WHAT YOU HAVE TO DO:
Output exactly, and only, the stretch of lines beginning at the line with "montpellier studio bureau" and ending at the last line of the listing below. Drop the pictures.

DATA BLOCK:

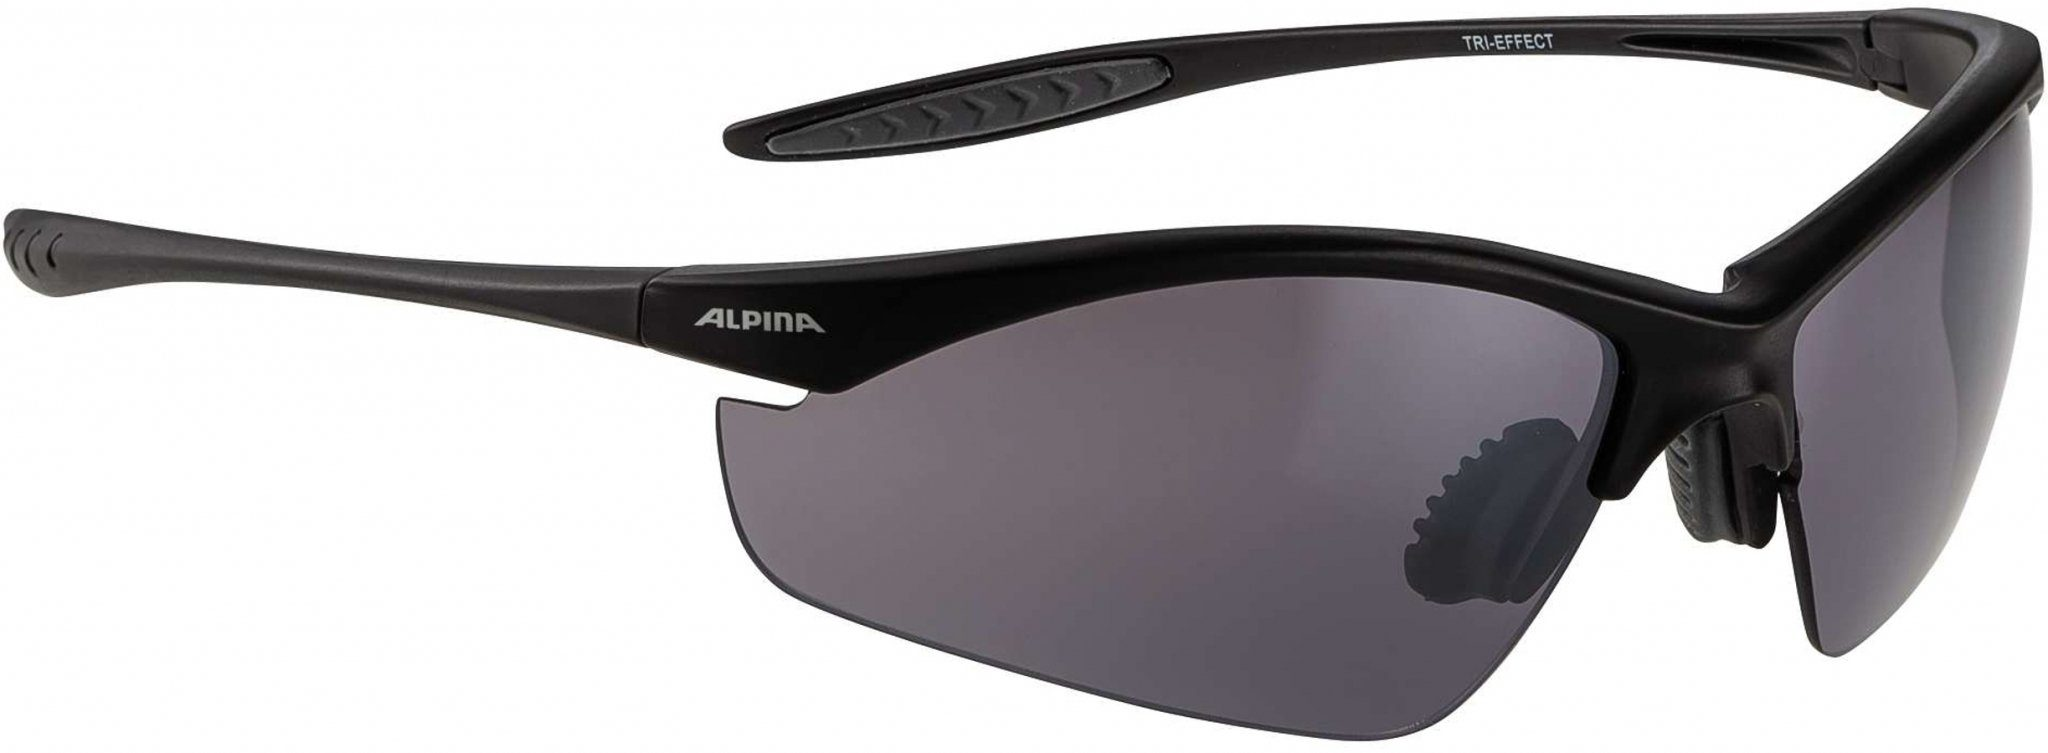 Alpina Radsportbrille »Alpina Tri-Effect«
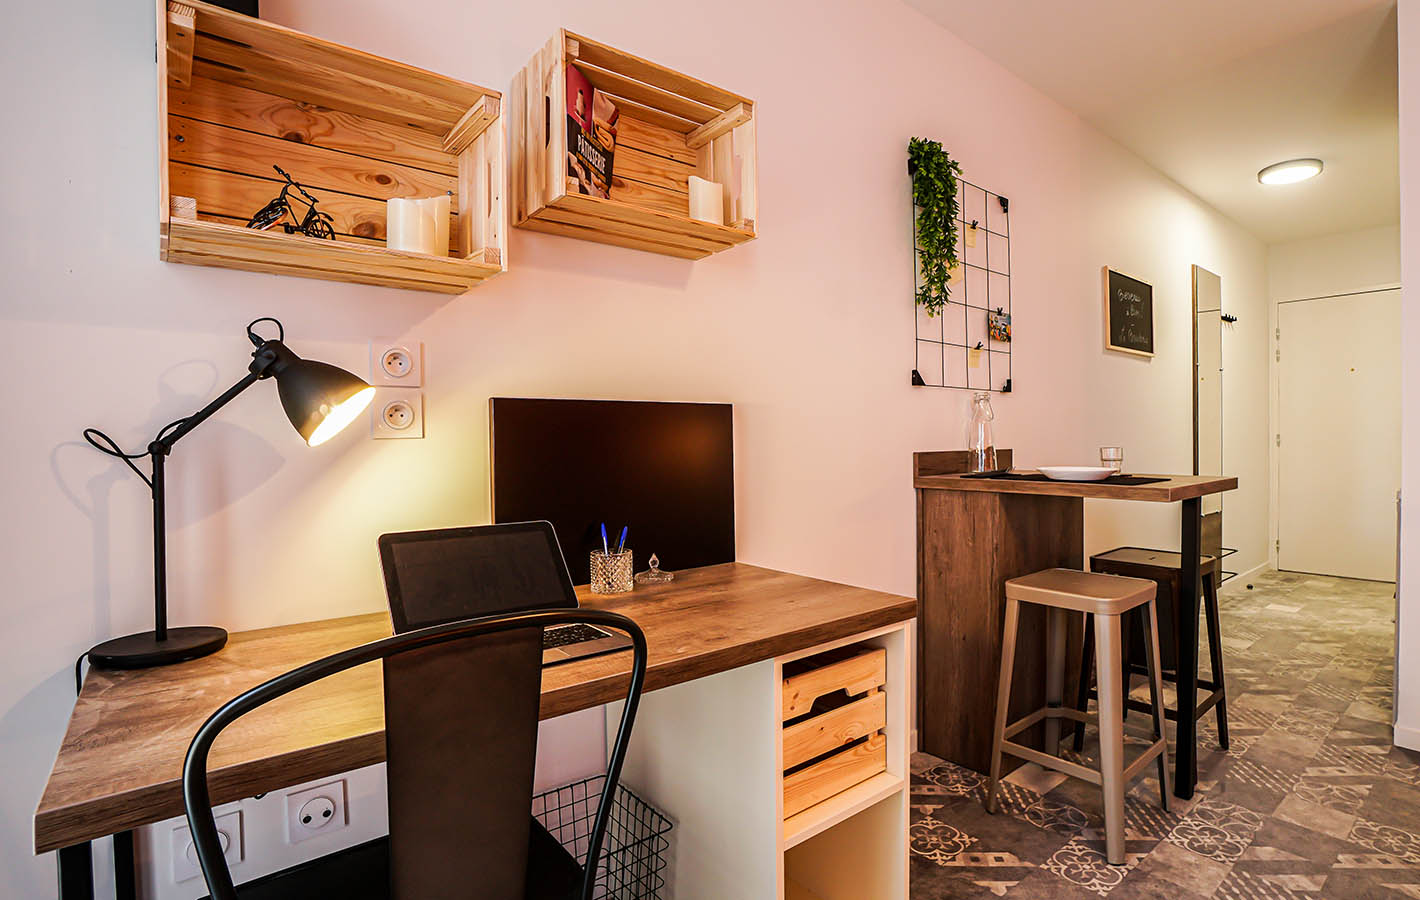 image  2021 04 15 residence etudiante suitetudes kabane montpellier studio bureau
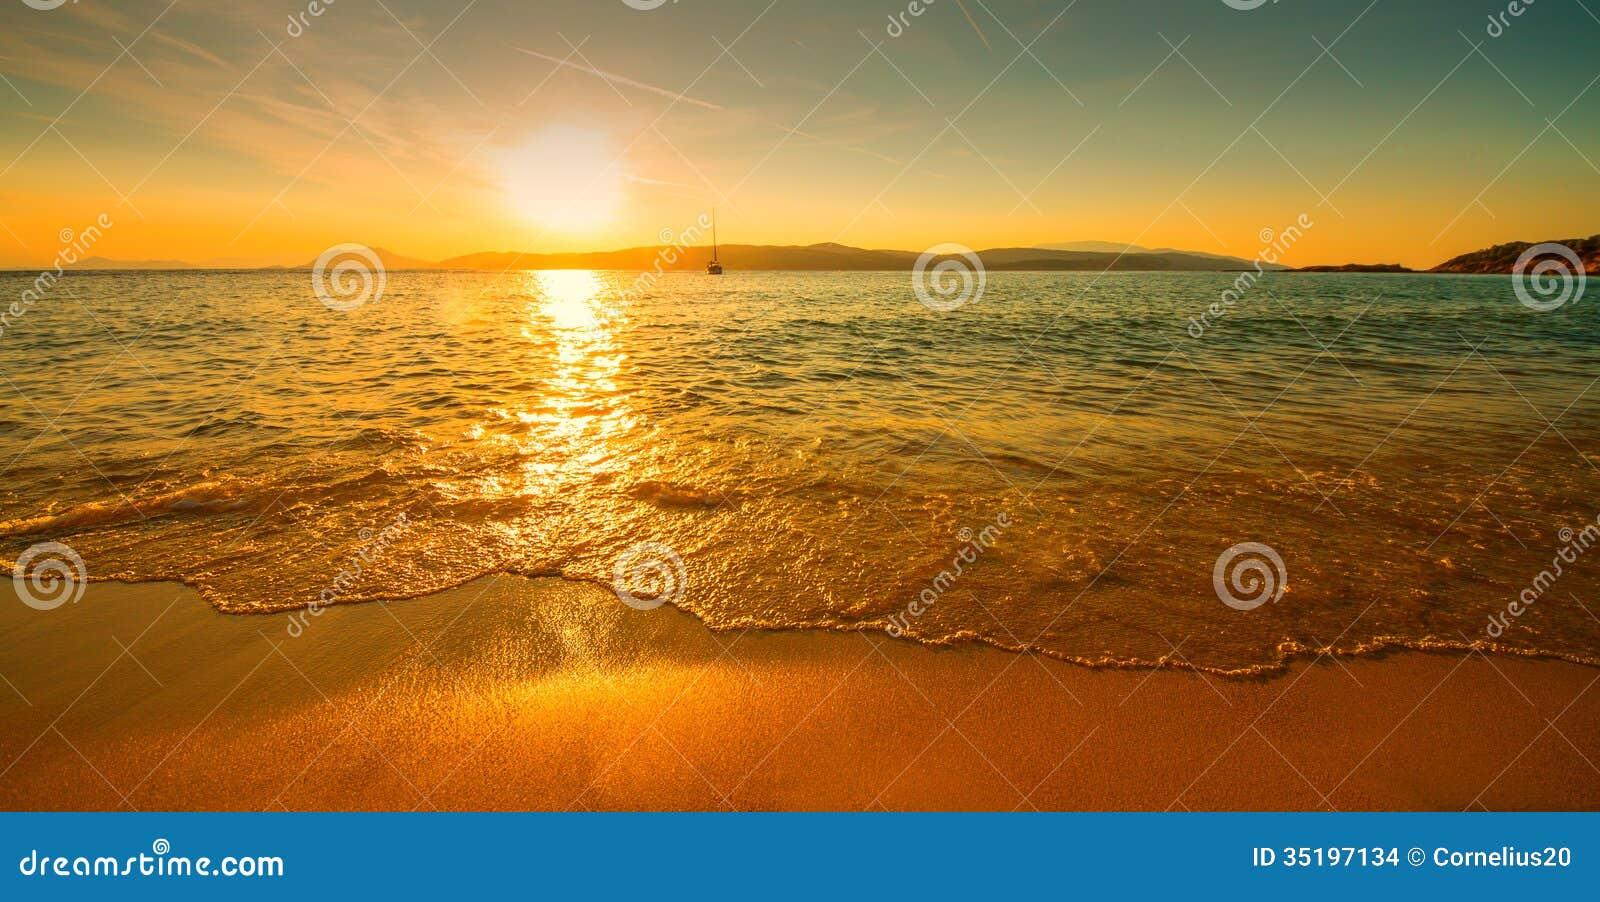 Sunset sunny beach

SOLVED EXERCISE:
 image  2021 04 15 residence etudiante suitetudes kabane montpellier studio bureau
 Sunset sunny beach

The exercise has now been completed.